R.M.S. Titanic Maritime Memorial Act of 1986
- Long title: An Act to encourage international efforts to designate the shipwreck of the R.M.S. Titanic as an international maritime memorial and to provide for reasonable research, exploration and, if appropriate, salvage activities with respect to the shipwreck.
- Enacted by: the 99th United States Congress
- Effective: October 21, 1986

Citations
- Public law: 99-513
- Statutes at Large: 100 Stat. 2082

Codification
- Titles amended: 16 U.S.C.: Conservation
- U.S.C. sections created: 16 U.S.C. ch. 1, subch. LXI § 450rr et seq.

Legislative history
- Introduced in the Senate as S. 2048 by Lowell P. Weicker Jr. (R–CT) on February 5, 1986; Committee consideration by House Committee on Merchant Marine and Fisheries, Senate Foreign Relations; Passed the Senate on September 24, 1986 (passed voice vote); Passed the House on October 6, 1986 (passed voice vote); Signed into law by President Ronald Reagan on October 21, 1986;

= RMS Titanic Maritime Memorial Act =

1986 United States Act of Congress

The R.M.S. Titanic Maritime Memorial Act of 1986 () is a United States Act of Congress that was passed to designate the wreck of the RMS Titanic as an international maritime memorial and to regulate the research, exploration and salvage of the wreckage.
The Act became law on October 21, 1986, when it was passed by the 99th United States Congress.

== Background ==
According to a 1985 report, the United States Congress was concerned about potential damage caused to the Titanics wreck caused by salvagers. The report found that:
1. "The R.M.S. Titanic, the ocean liner which sank on her maiden voyage after striking an iceberg on April 14, 1912, should be designated as an international maritime memorial to the men, women, and children who perished aboard her"
2. "The recent discovery of the R.M.S. Titanic, lying more than twelve thousand feet beneath the ocean surface, demonstrates the practical applications of ocean science and engineering"
3. "The R.M.S. Titanic, well preserved in the cold, oxygen-poor waters of the deep North Atlantic Ocean, is of major national and international cultural and historical significance, and merits appropriate international protection"
4. "The R.M.S. Titanic represents a special opportunity for deep ocean scientific research and exploration"

== Enactment ==
Walter B. Jones, Sr. (the Democratic Congressman for North Carolina) oversaw the submission of a bill, HR 3272, to the House of Representatives on September 11, 1985. On October 29, the United States House Committee on Merchant Marine and Fisheries debated HR 3272, with the hearing discovering that the United States had no jurisdiction over the site of Titanics wreck. Even Canada, geographically closest to the wreck, would have had difficulty claiming legal jurisdiction as the wreck was deemed to be in "high seas".

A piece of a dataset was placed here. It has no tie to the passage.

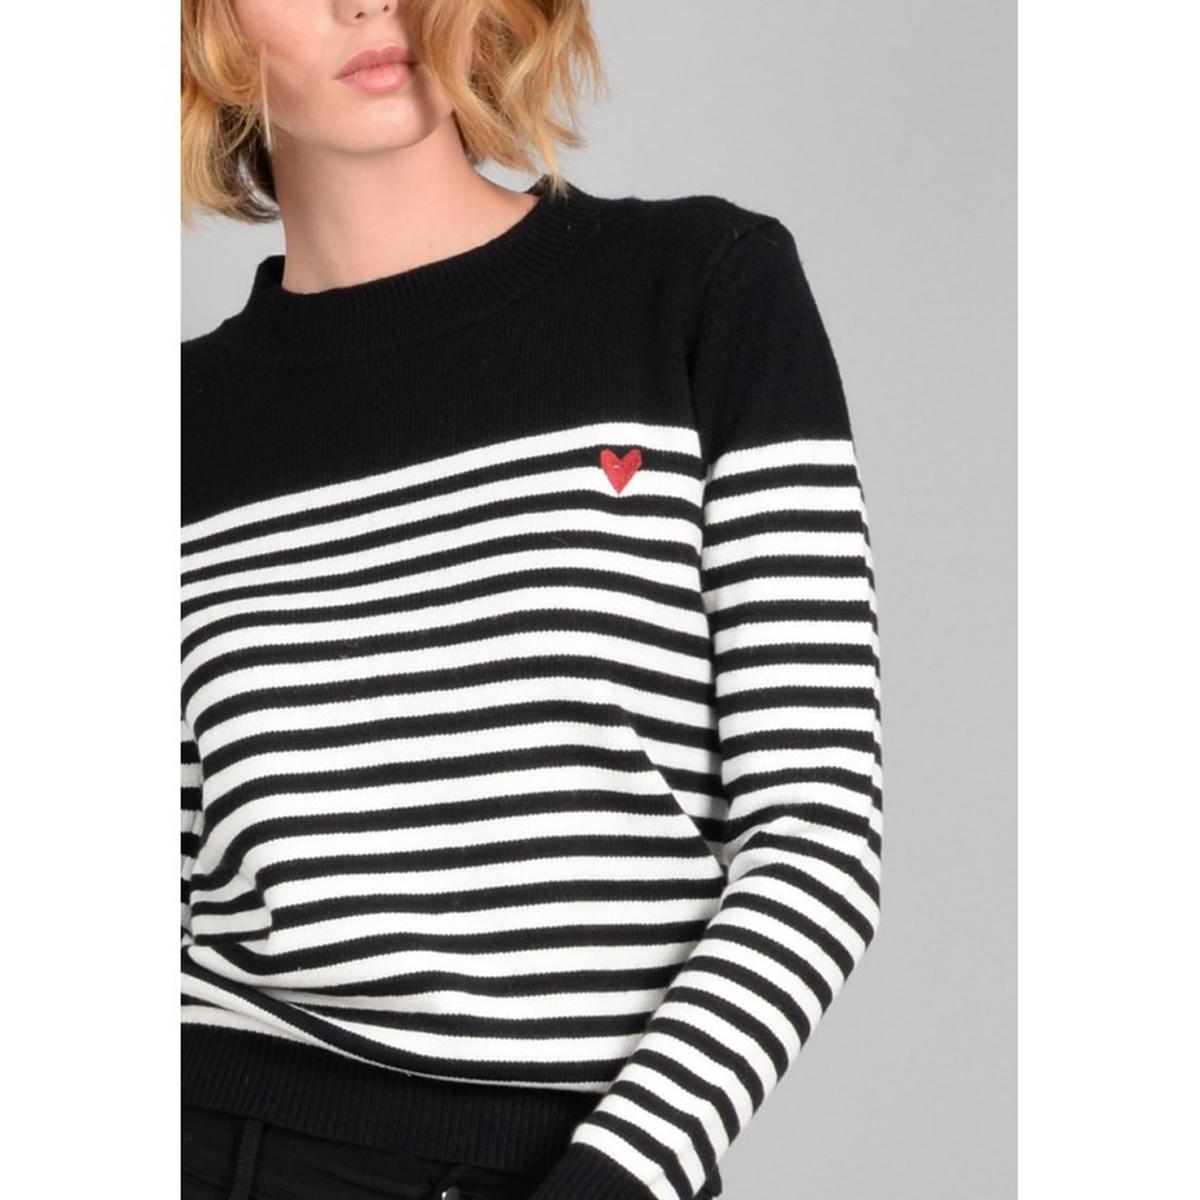 Пуловер MOLLY BRACKEN 10947670 от LaRedoute

On February 5, 1986, Jones championed a similar bill that was presented to the Senate, which proposed that until an international agreement could be negotiated, no individual would be permitted to physically alter, disturb, or salvage the wreckage. The Senate bill was signed by President Ronald Reagan on October 21, 1986, creating the RMS Titanic Maritime Memorial Act. The Act aimed to "encourage recognition of the wreck as a maritime memorial to those who lost their lives when it sank, to promote the development of an international agreement providing for the protection of the wreck, and to cultivate internationally recognized guidelines for research, exploration and, if appropriate, salvage activities."

Upon signing the bill, Reagan issued the following statement:

Although I support the purpose of this act, I must register my objections to two of its provisions. Section 5(a) directs the Administrator of the National Oceanic and Atmospheric Administration to enter into consultations with foreign nations; section 6(a) directs the Secretary of State to enter into negotiations with foreign nations. If interpreted literally, these requirements would contravene my constitutional authority to conduct foreign relations. To avoid this constitutional difficulty, these provisions must be viewed as discretionary. Entry into negotiations with the appropriate nations concerning the R.M.S Titanic is, of course, dependent on the willingness of those nations to support the development of the international agreement and guidelines encouraged by this act. I invite interested nations to join us in this endeavor.

After the Act's passing, the Department of State proposed an agreement with the United Kingdom, Canada and France (as well as other interested countries) to enact the policies from the 1986 Act on an international scale. Known as the "Agreement Concerning the Shipwrecked Vessel R.M.S. Titanic", Canada and France did not ratify it, though the signature of only two countries is sufficient for the agreement to enter force – the United Kingdom ratified the agreement on November 6, 2003, and it was subsequently signed by the United States on June 18, 2004. The agreement went into effect in 2019, with the United States' ratification.